** Source data follows **
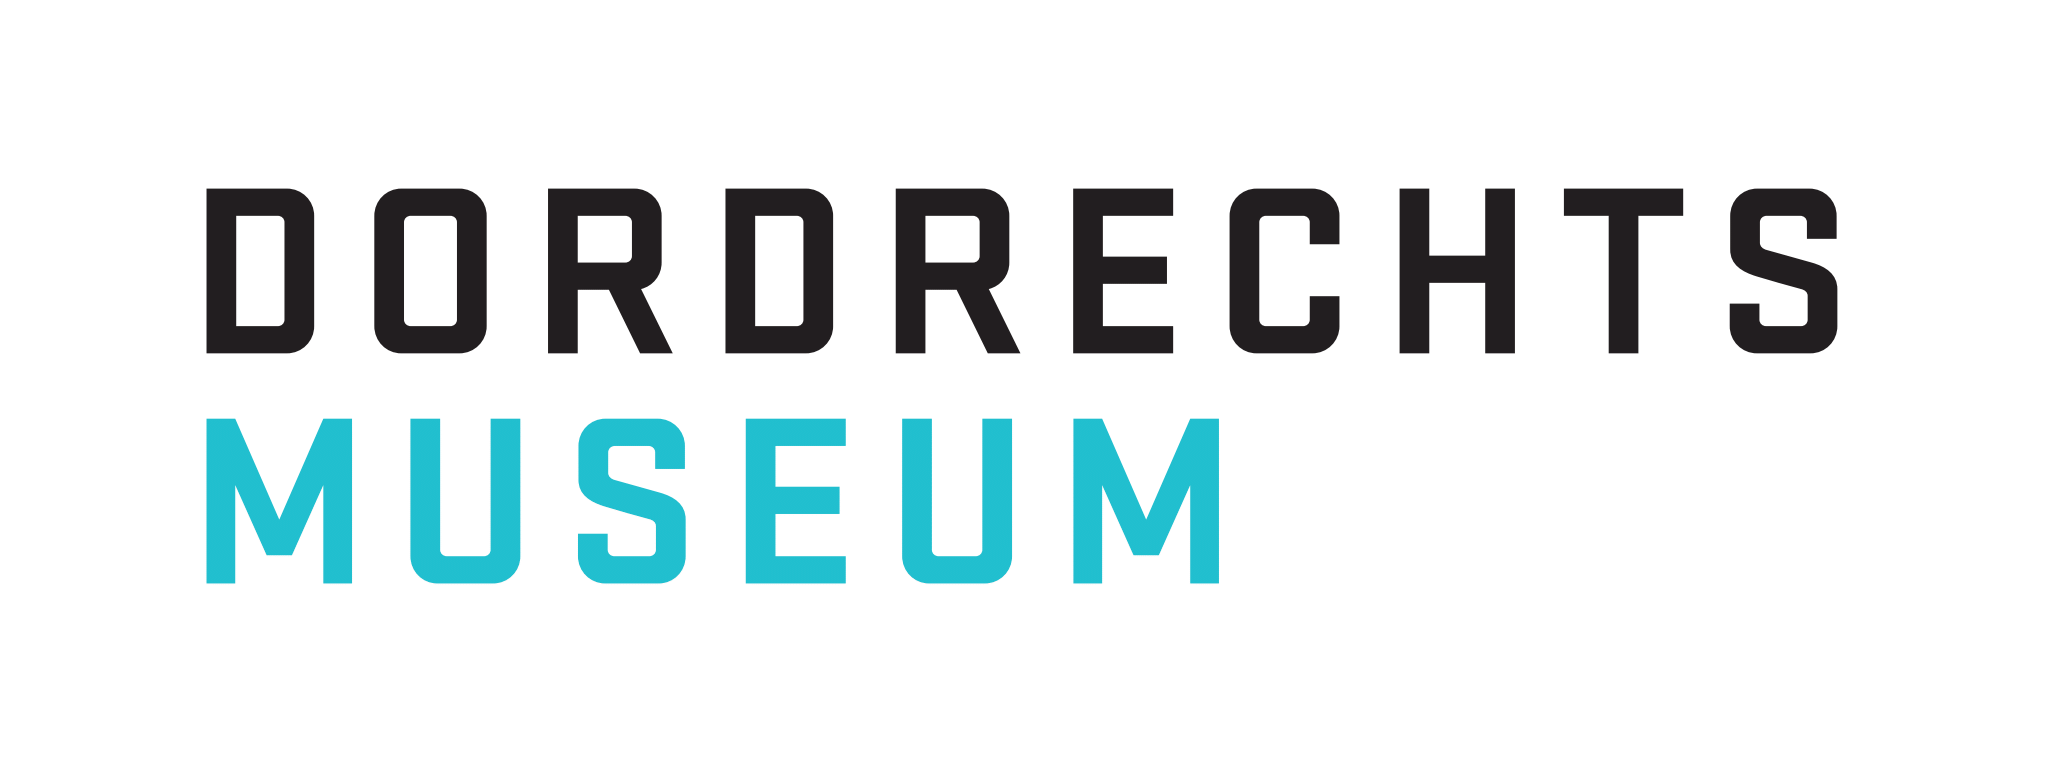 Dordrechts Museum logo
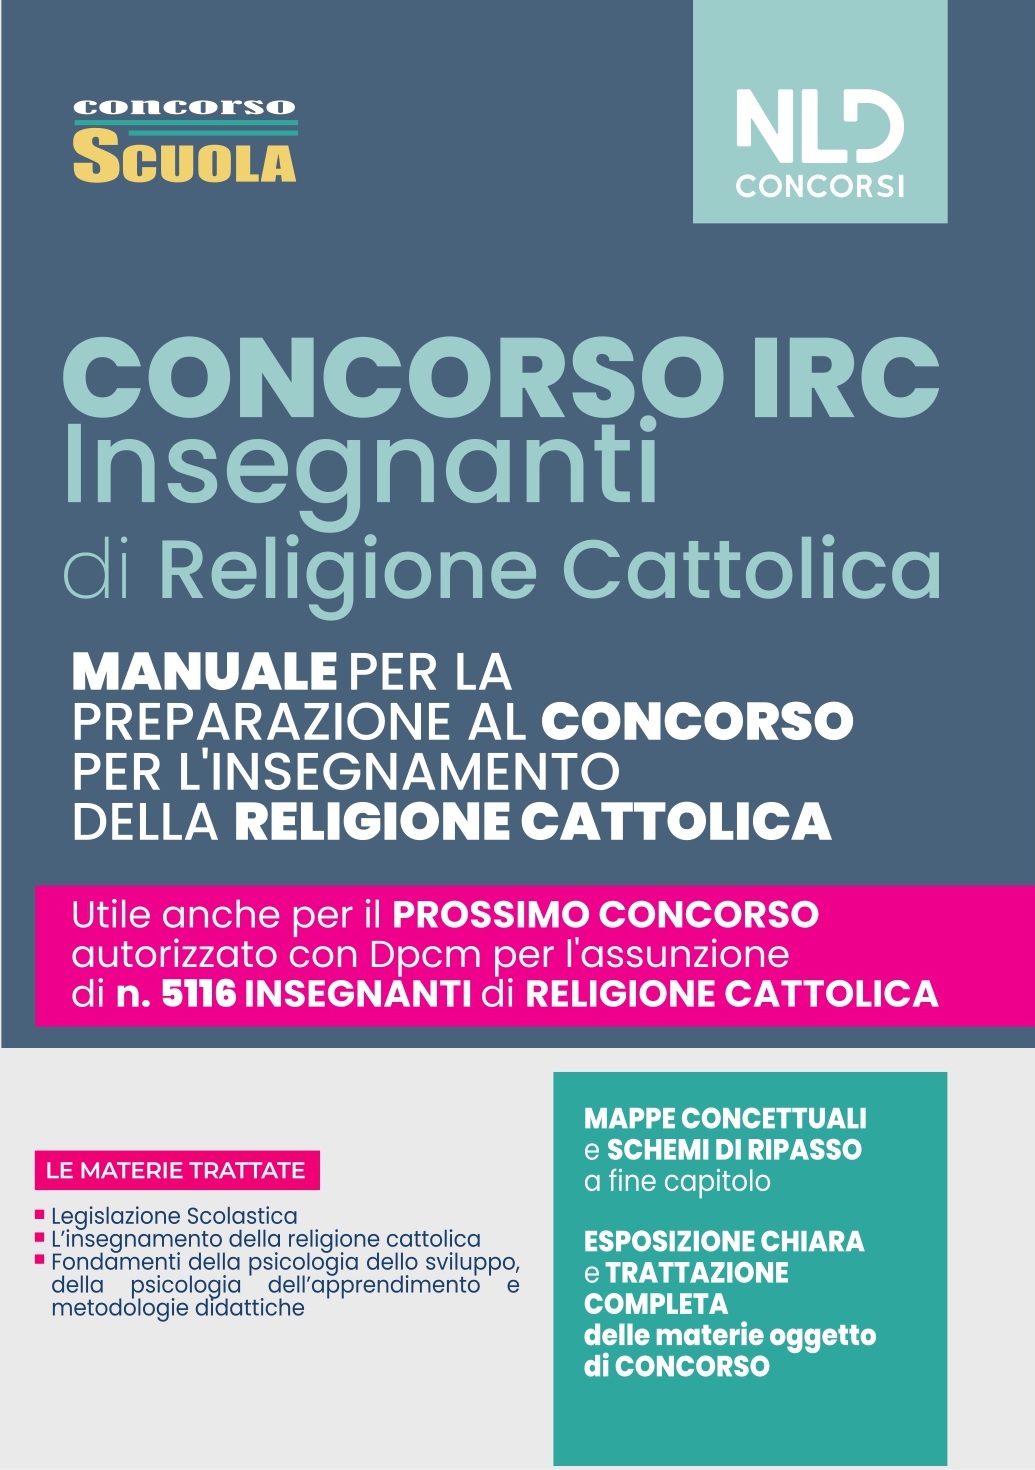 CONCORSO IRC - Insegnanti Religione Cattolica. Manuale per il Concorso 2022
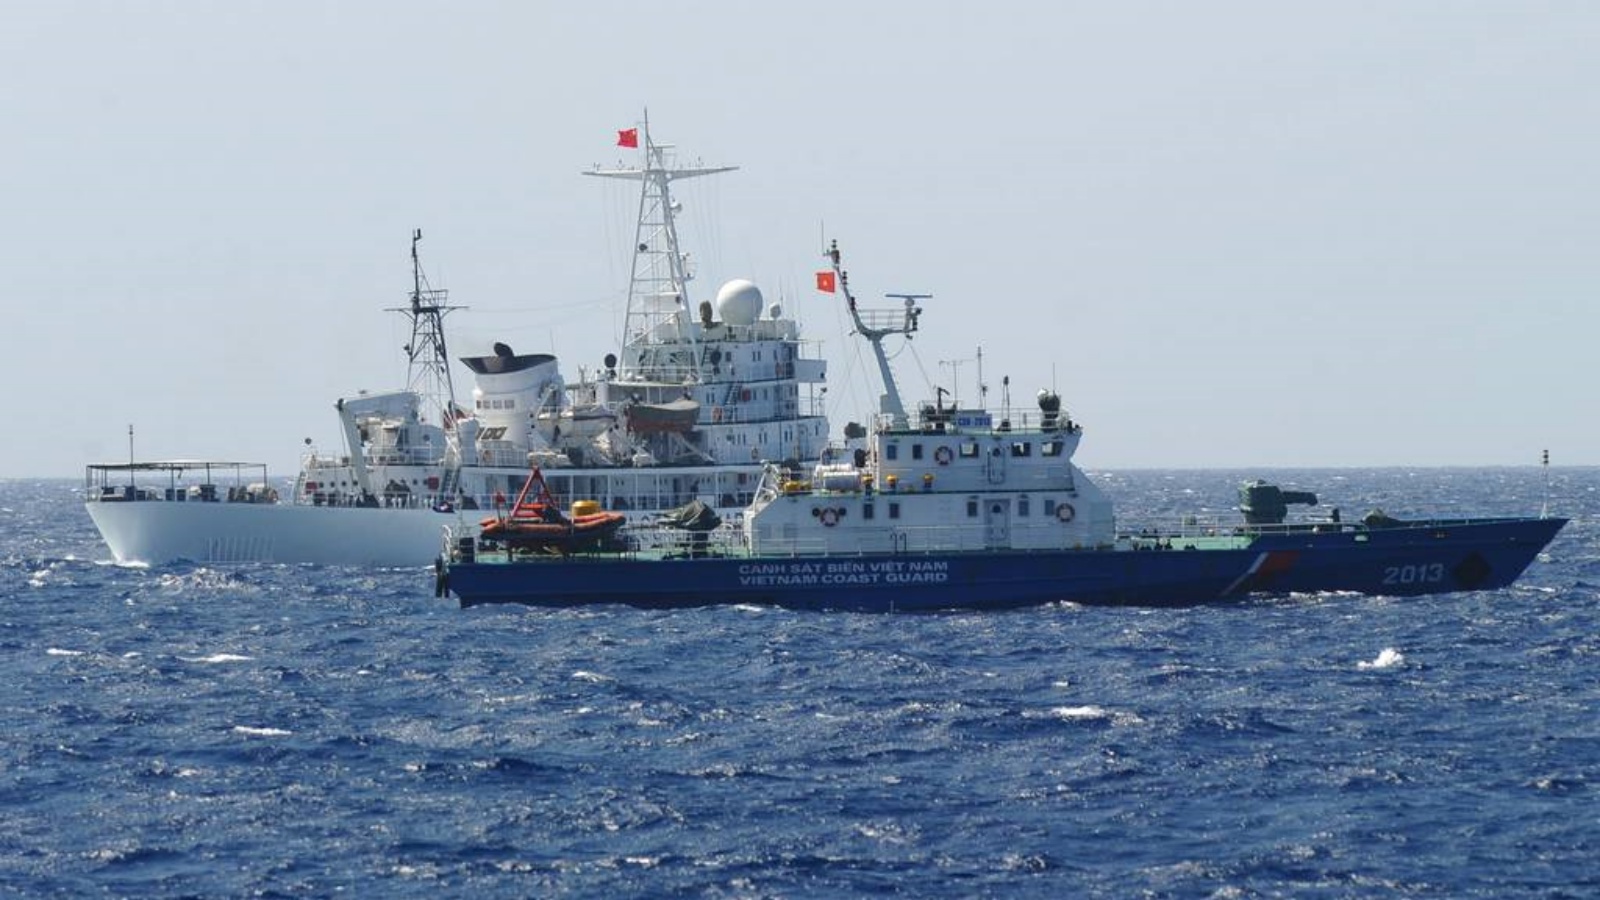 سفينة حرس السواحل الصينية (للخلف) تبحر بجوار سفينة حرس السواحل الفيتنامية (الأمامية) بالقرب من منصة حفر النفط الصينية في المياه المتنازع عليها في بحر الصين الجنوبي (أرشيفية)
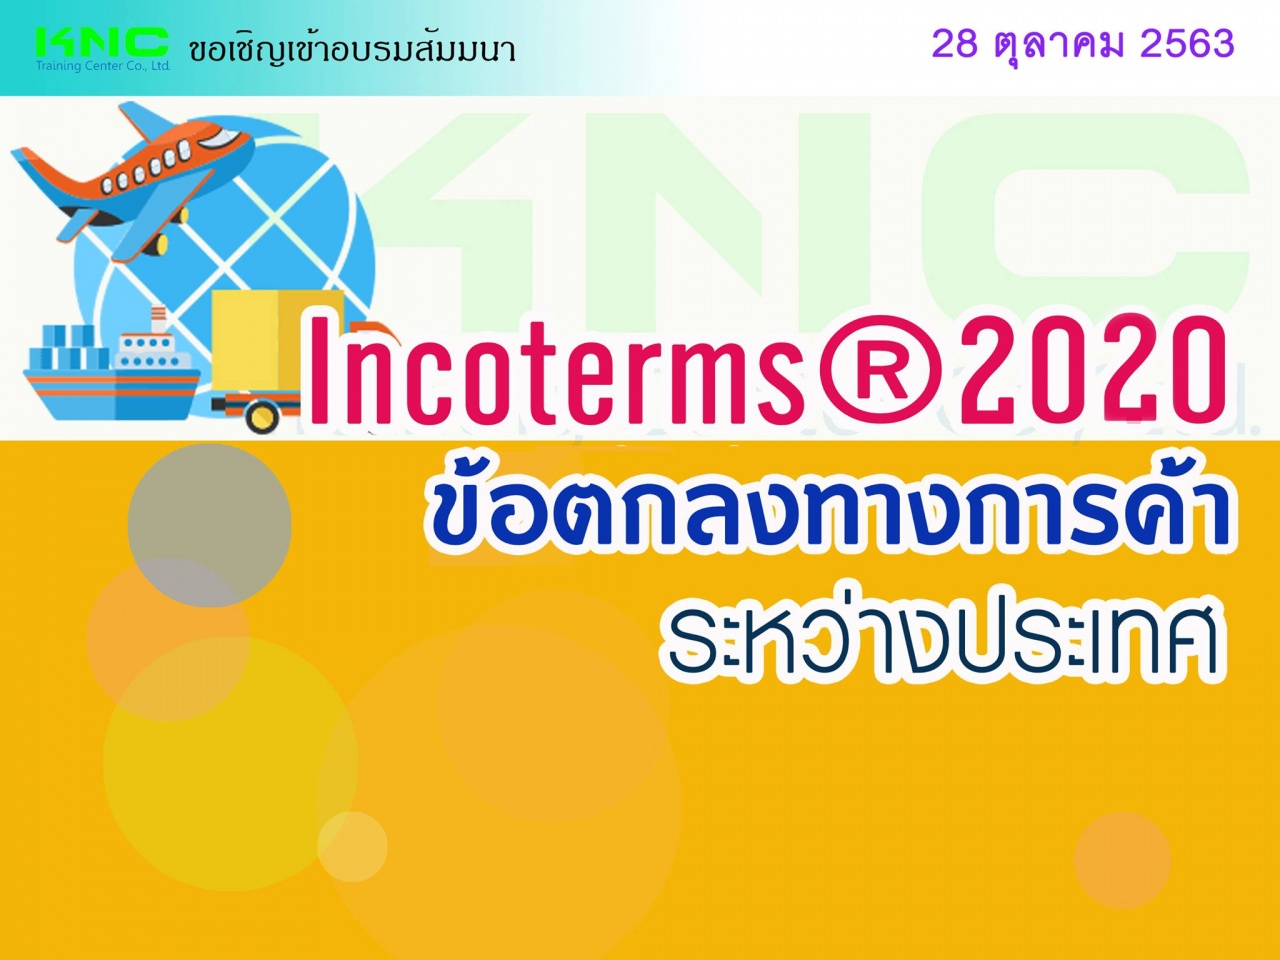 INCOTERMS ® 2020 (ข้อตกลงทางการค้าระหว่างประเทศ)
** End of Source data **
▸ Exercise details
Write out every line above exactly, minus images.

▸ Answer below
 Dordrechts Museum logo
 CONCORSO IRC - Insegnanti Religione Cattolica. Manuale per il Concorso 2022
 سفينة حرس السواحل الصينية (للخلف) تبحر بجوار سفينة حرس السواحل الفيتنامية (الأمامية) بالقرب من منصة حفر النفط الصينية في المياه المتنازع عليها في بحر الصين الجنوبي (أرشيفية)
 INCOTERMS ® 2020 (ข้อตกลงทางการค้าระหว่างประเทศ)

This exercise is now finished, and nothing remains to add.